*Exercise*.
Transcribe the entries below word for word, beginning at the line with "Mùa hoa sen ở Hải Phòng - Ảnh 4." and stopping after the line with "賢明な生産的ゆるいキャロルズドーター マルゲリーテス マジック"; drop all pictures.

*Raw data*.

((

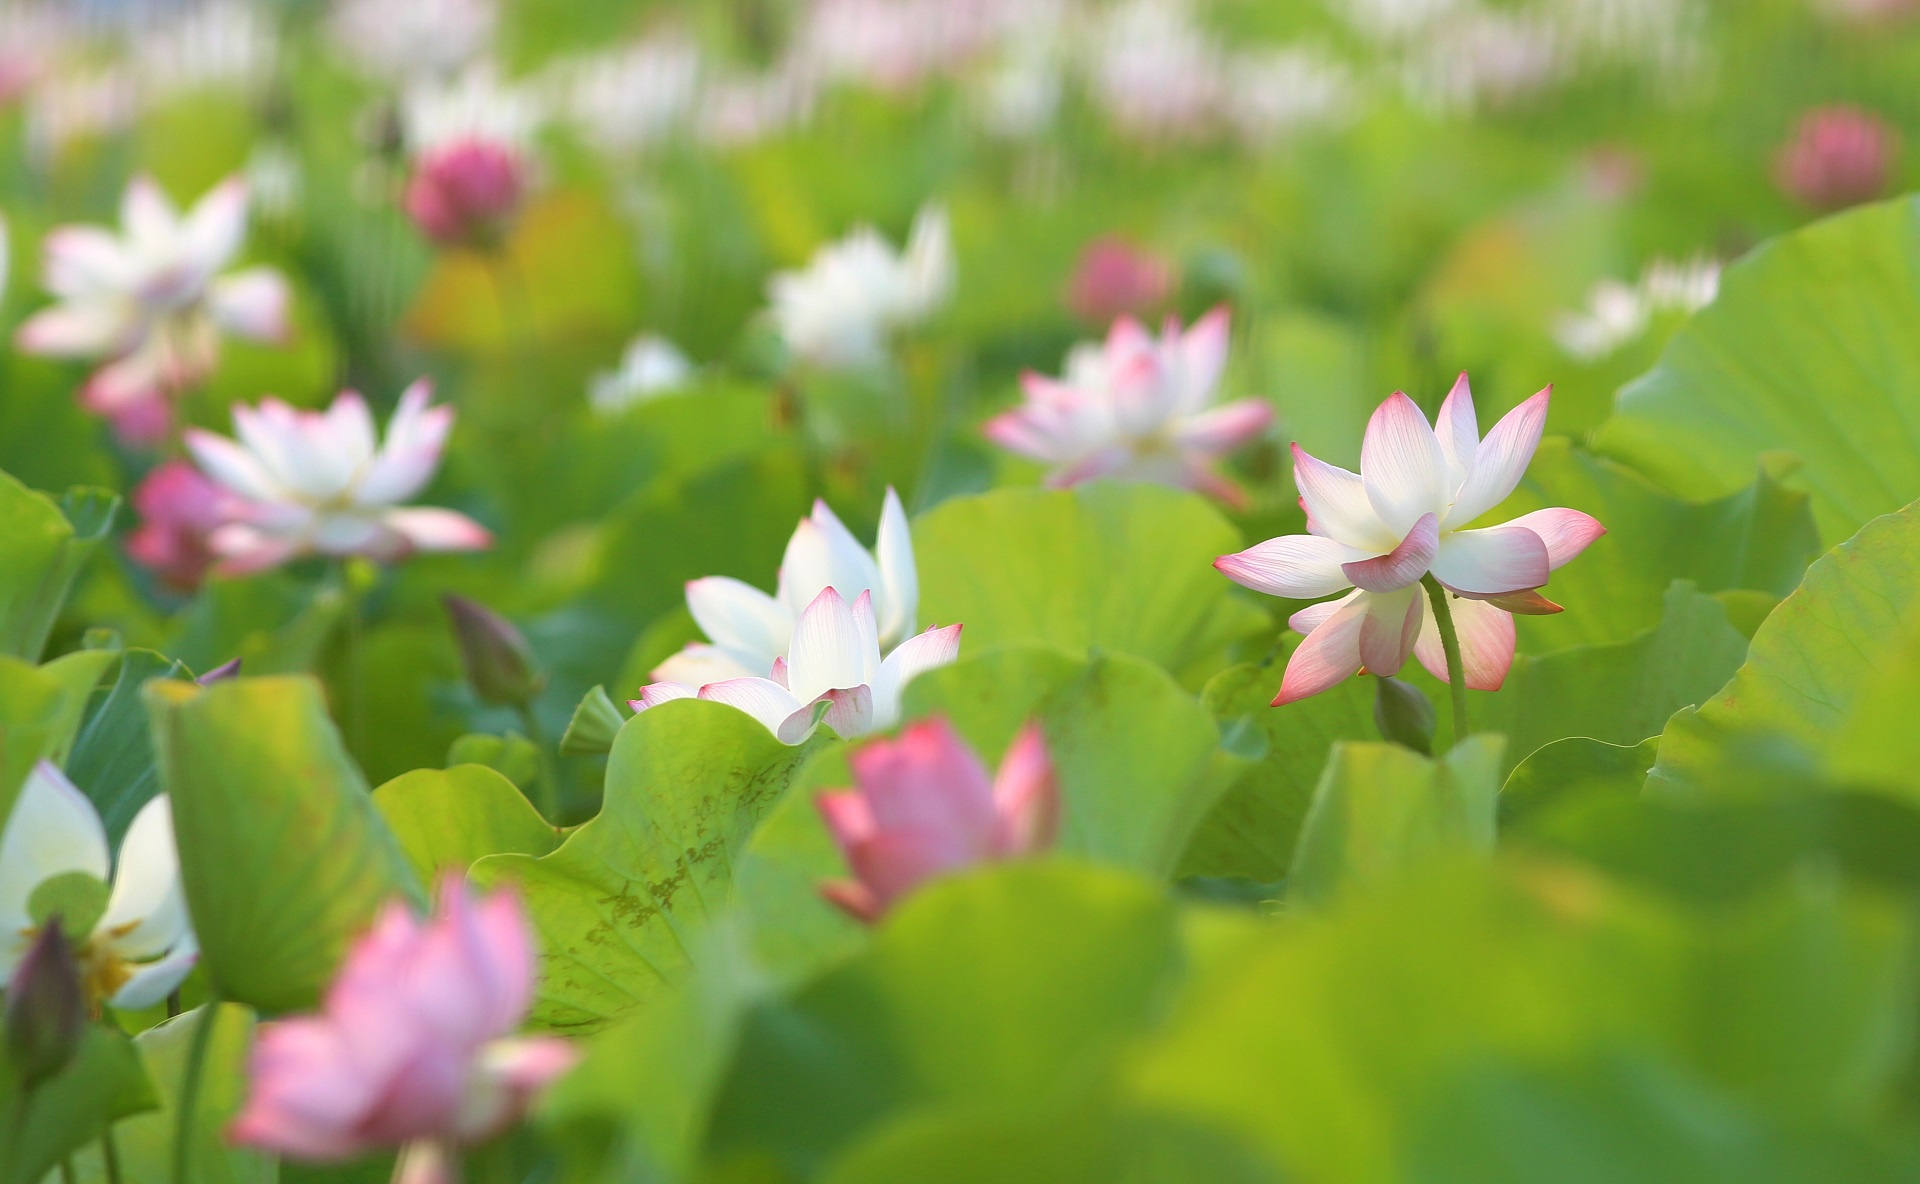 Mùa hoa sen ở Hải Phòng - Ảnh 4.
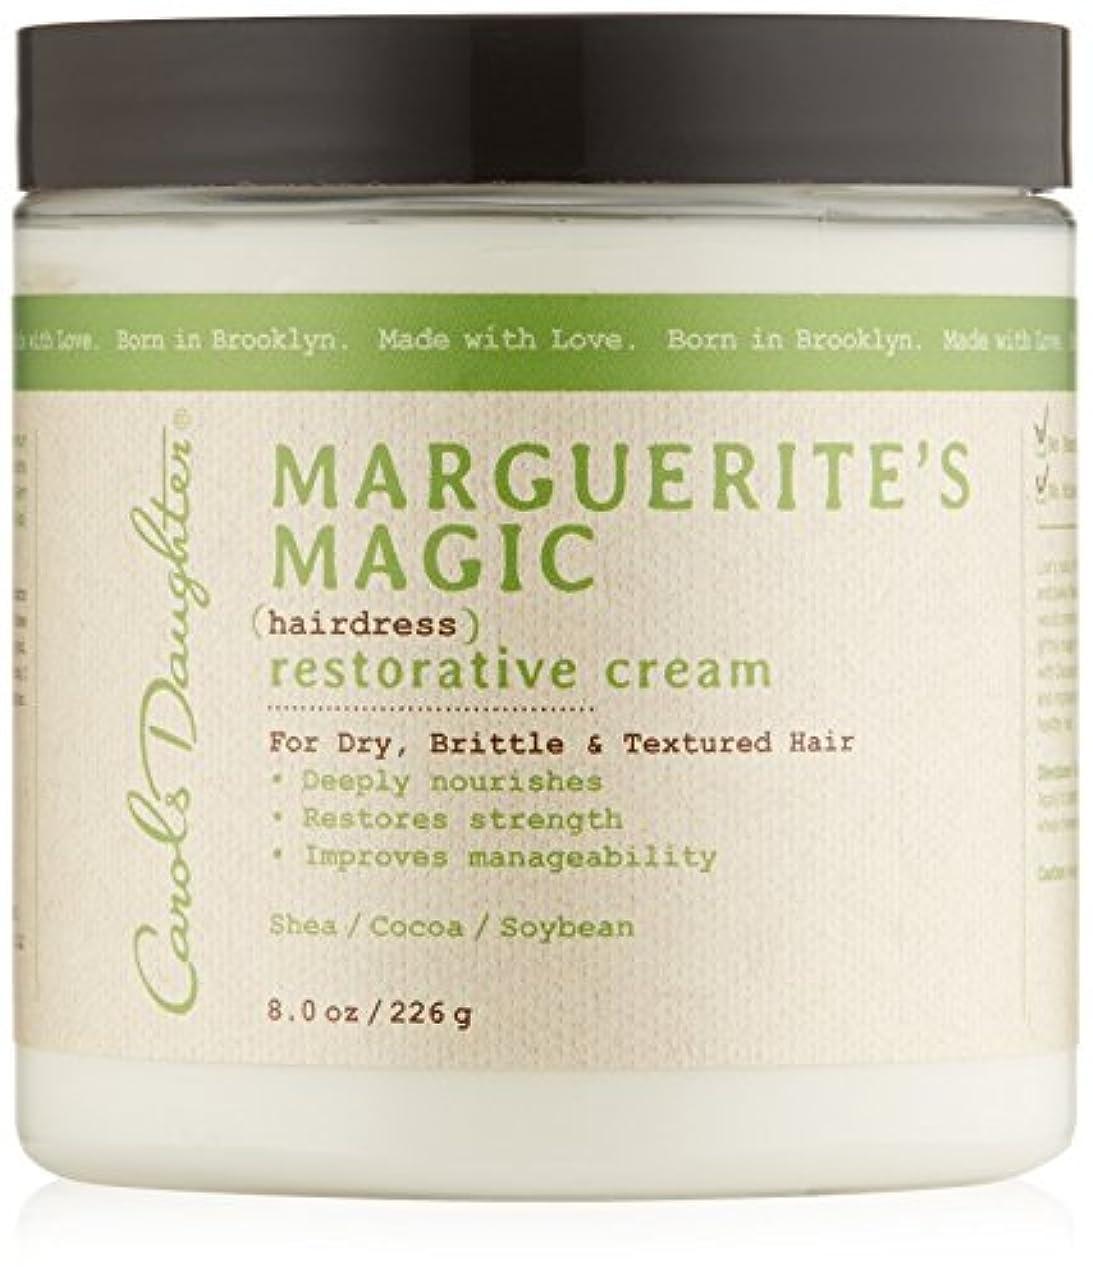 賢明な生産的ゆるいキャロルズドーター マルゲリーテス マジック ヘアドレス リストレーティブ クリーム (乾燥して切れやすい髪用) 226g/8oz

))
((

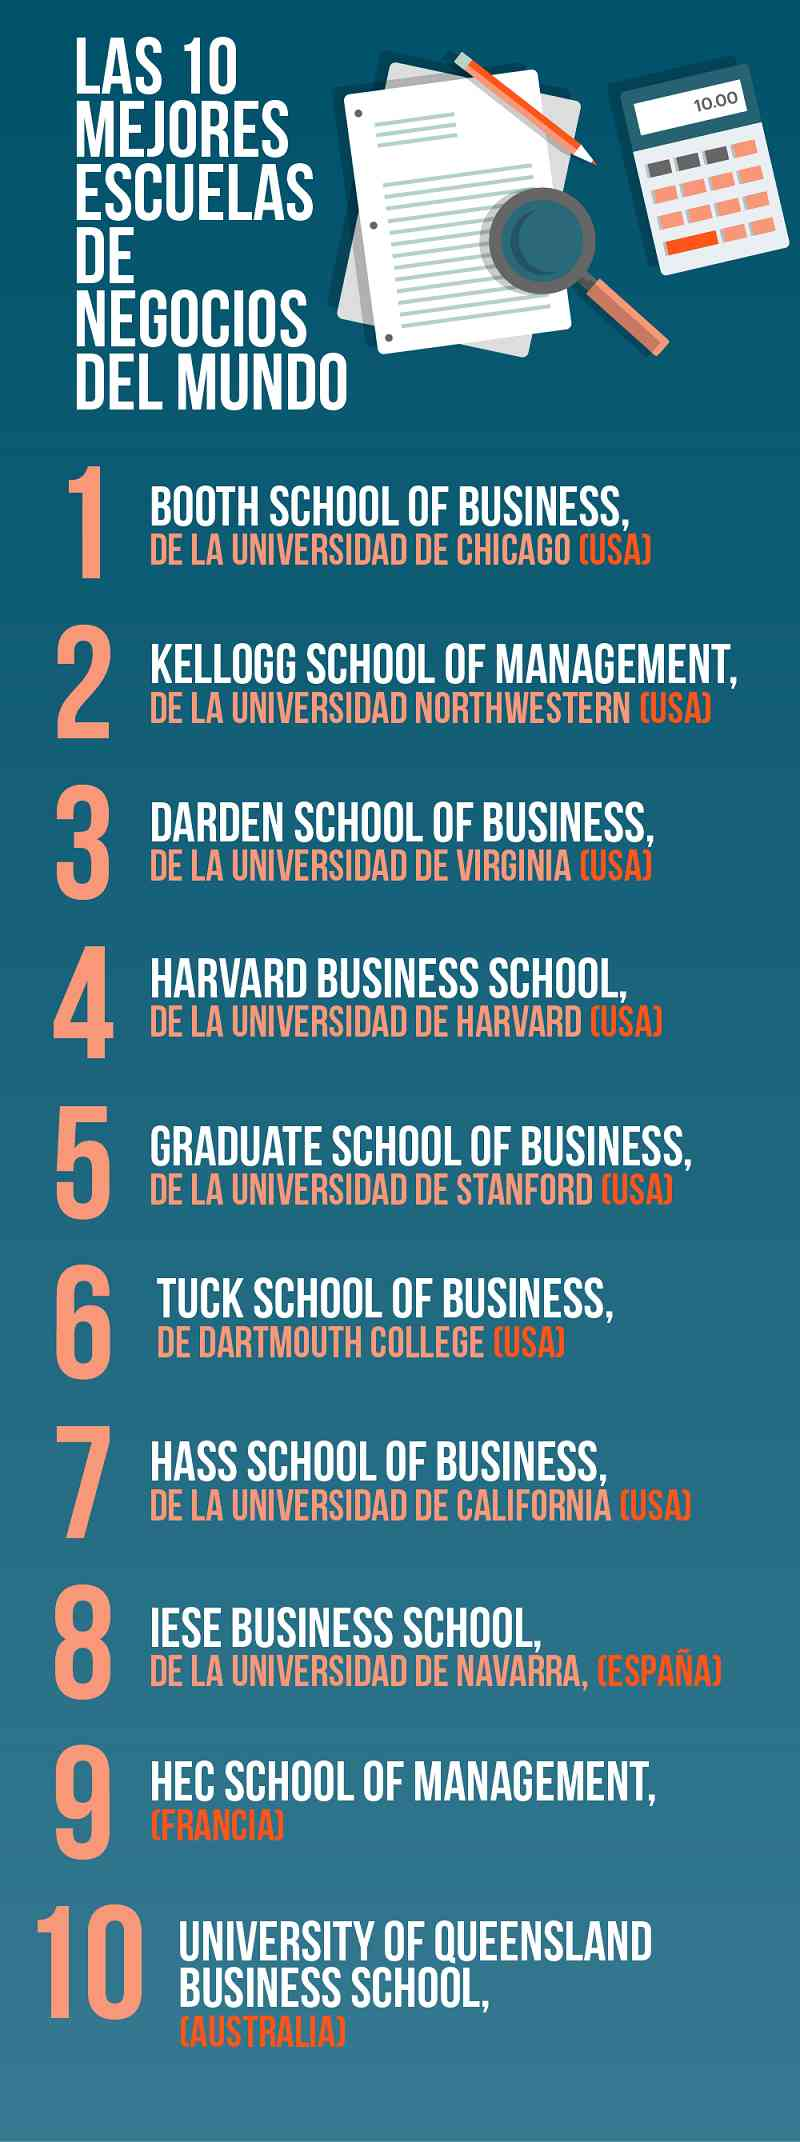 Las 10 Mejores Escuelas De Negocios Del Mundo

))

*Answer section*.
 Mùa hoa sen ở Hải Phòng - Ảnh 4.
 賢明な生産的ゆるいキャロルズドーター マルゲリーテス マジック ヘアドレス リストレーティブ クリーム (乾燥して切れやすい髪用) 226g/8oz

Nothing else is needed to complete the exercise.